Find "GIFT BOX – Matt’s" in the material, then return exactly the line containing it and all lines after it to the end, leaving out pictures.

◆ SUPPLIED INFORMATION
———
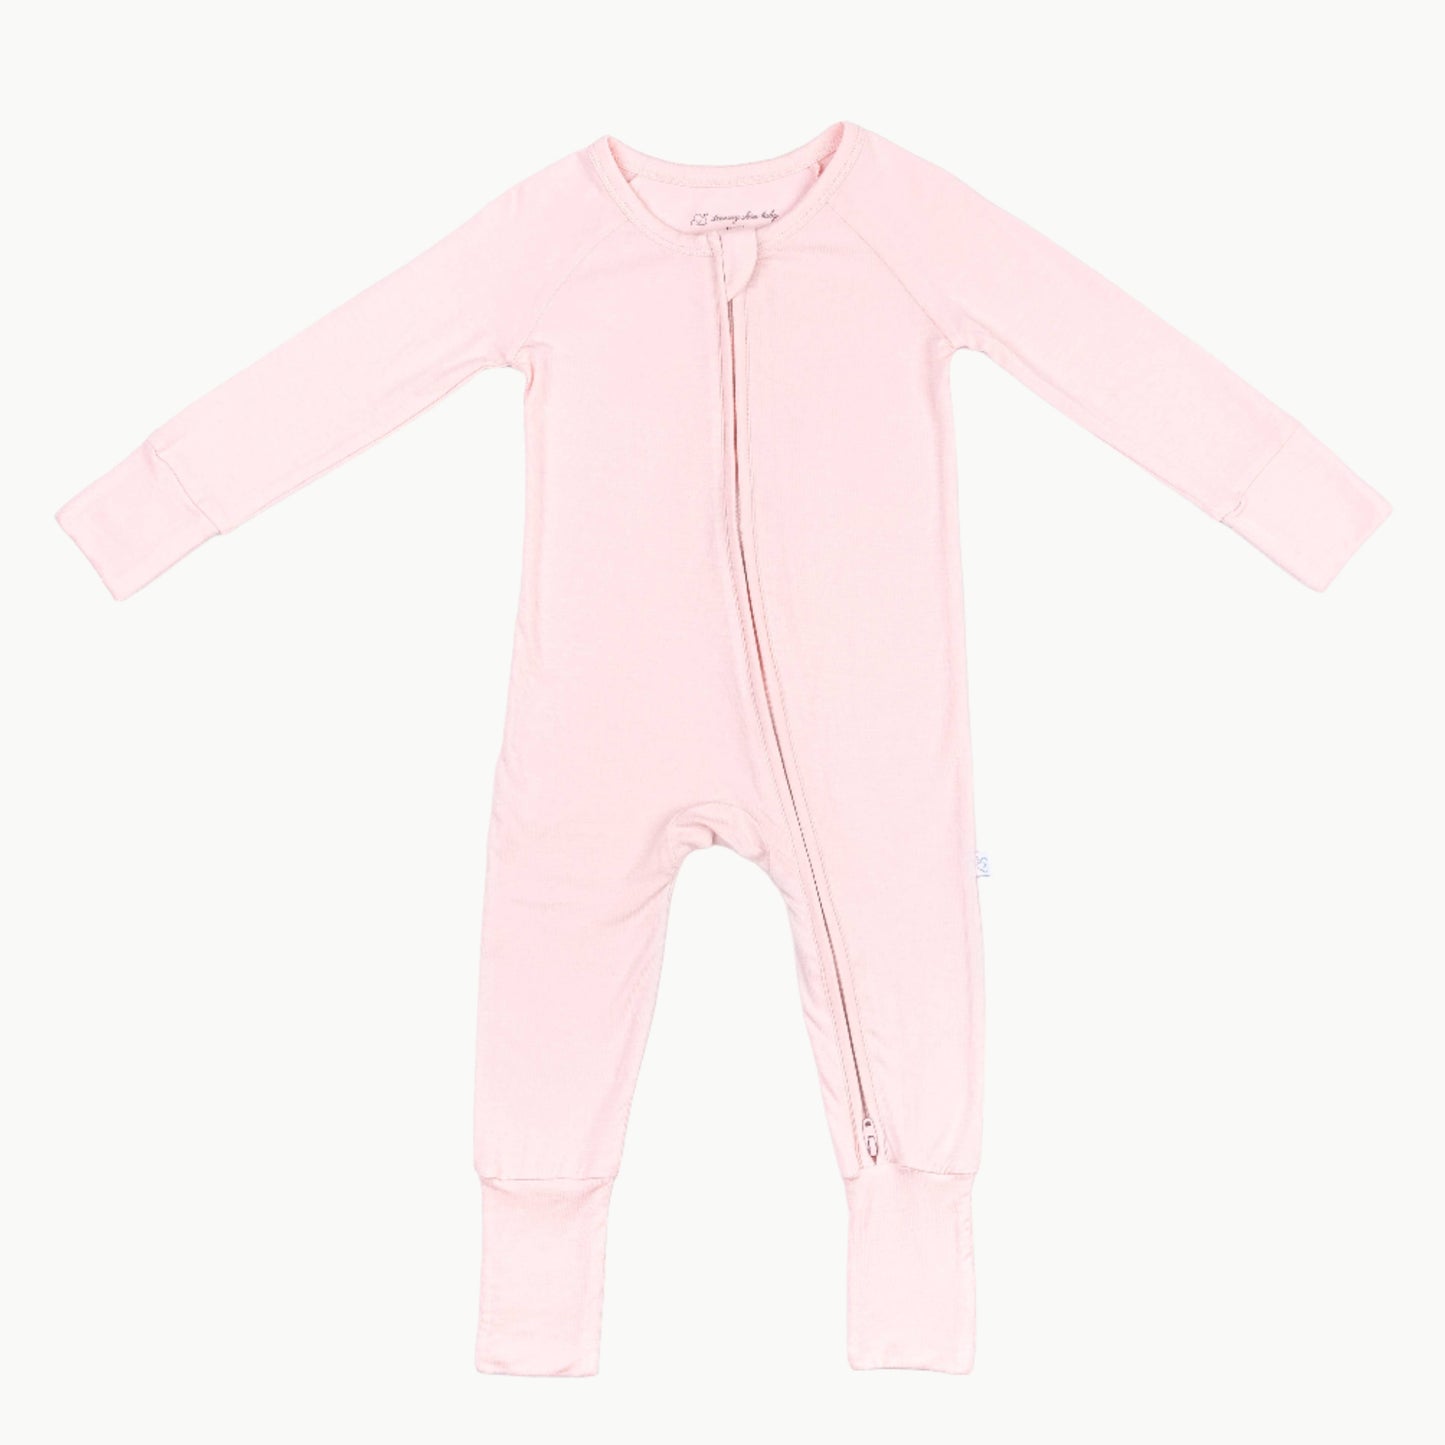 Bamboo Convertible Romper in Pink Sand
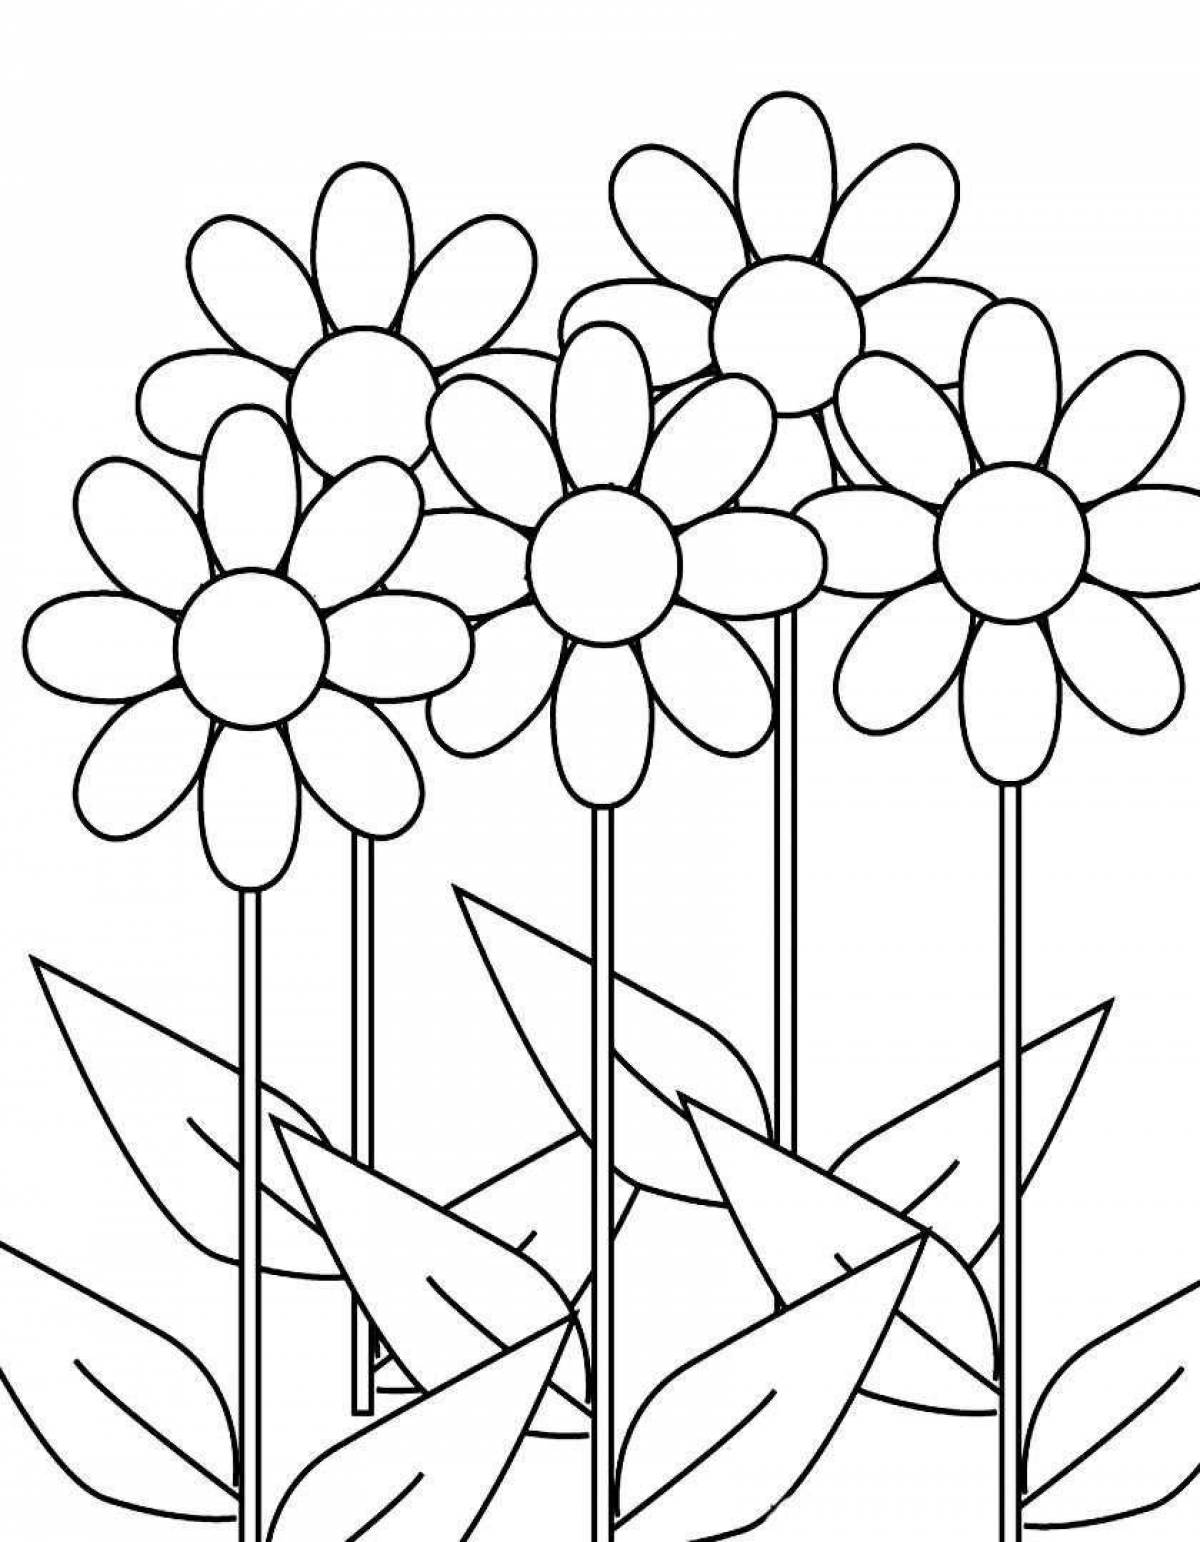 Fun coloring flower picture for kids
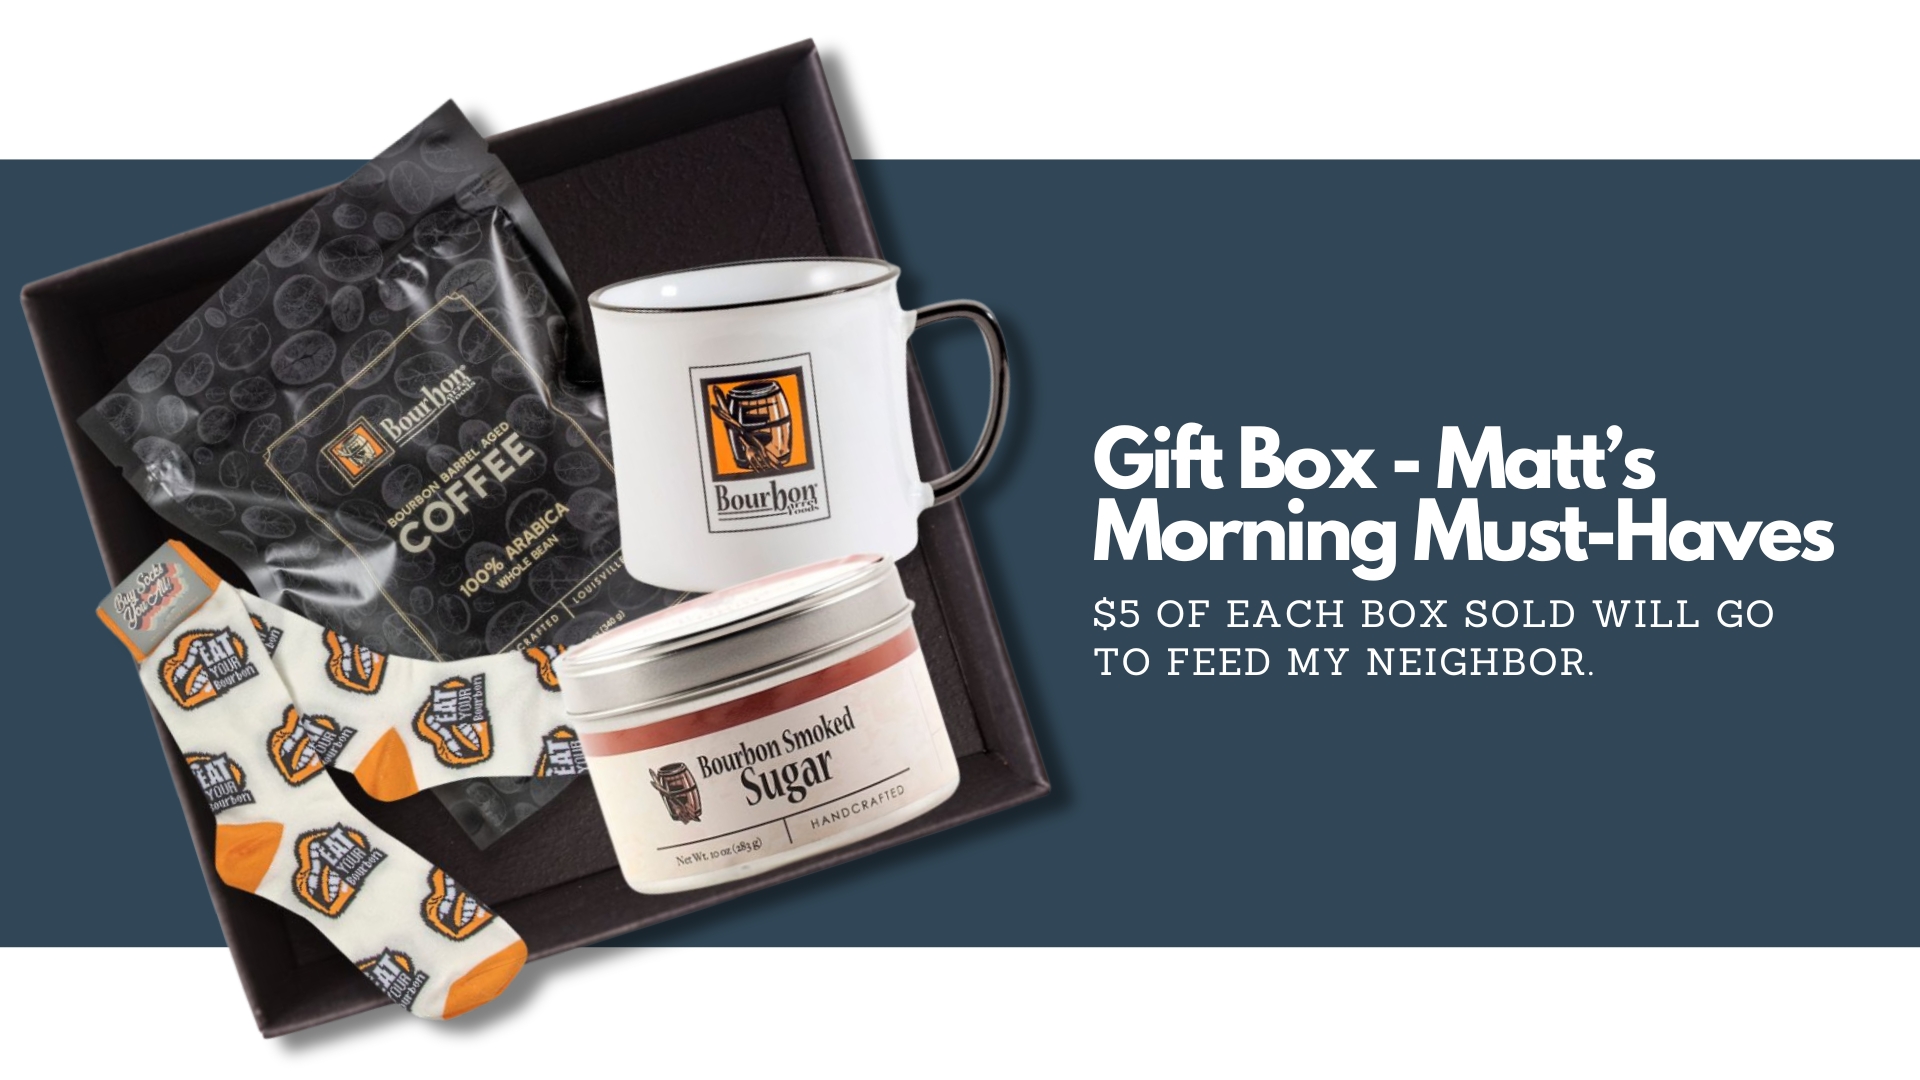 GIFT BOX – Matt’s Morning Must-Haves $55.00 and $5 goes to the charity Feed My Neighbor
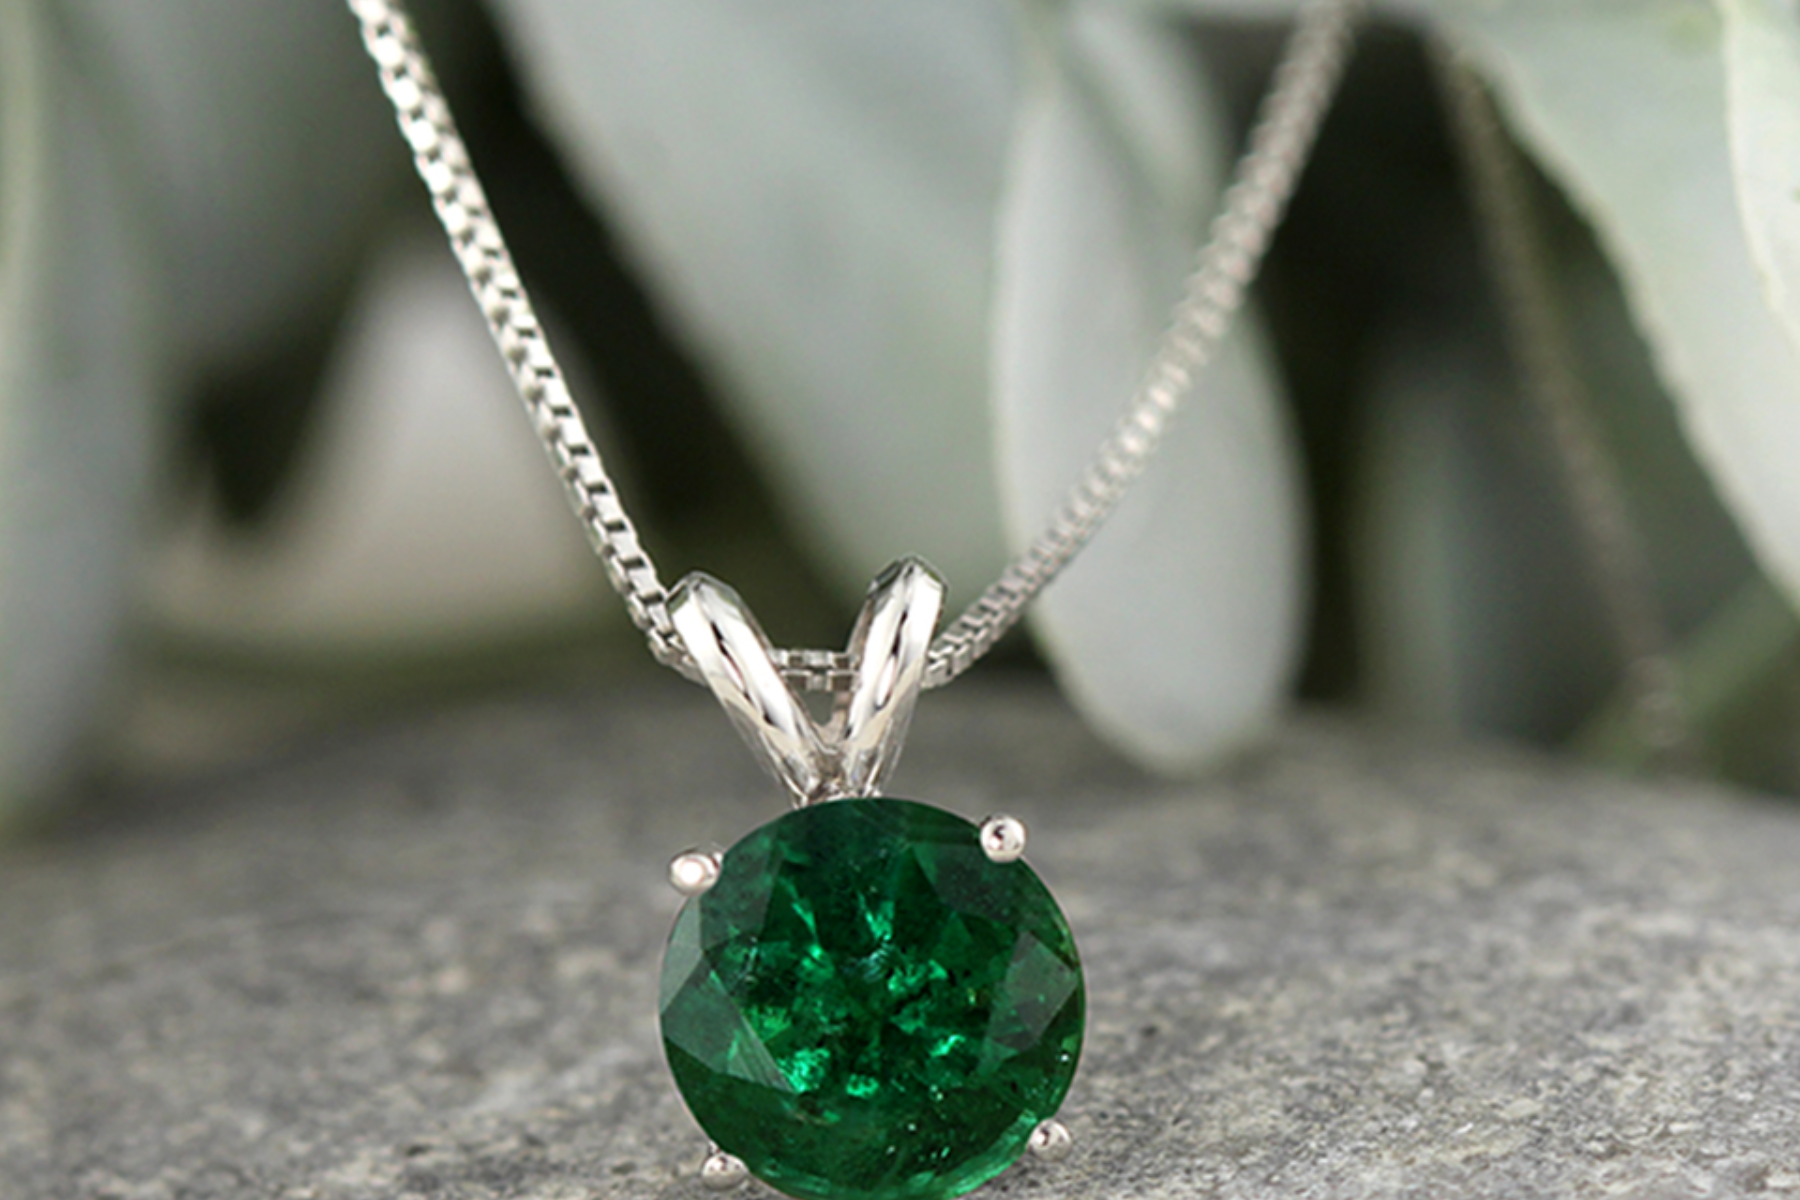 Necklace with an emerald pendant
———
◆ FINISHED EXERCISE
 GIFT BOX – Matt’s Morning Must-Haves $55.00 and $5 goes to the charity Feed My Neighbor
 Necklace with an emerald pendant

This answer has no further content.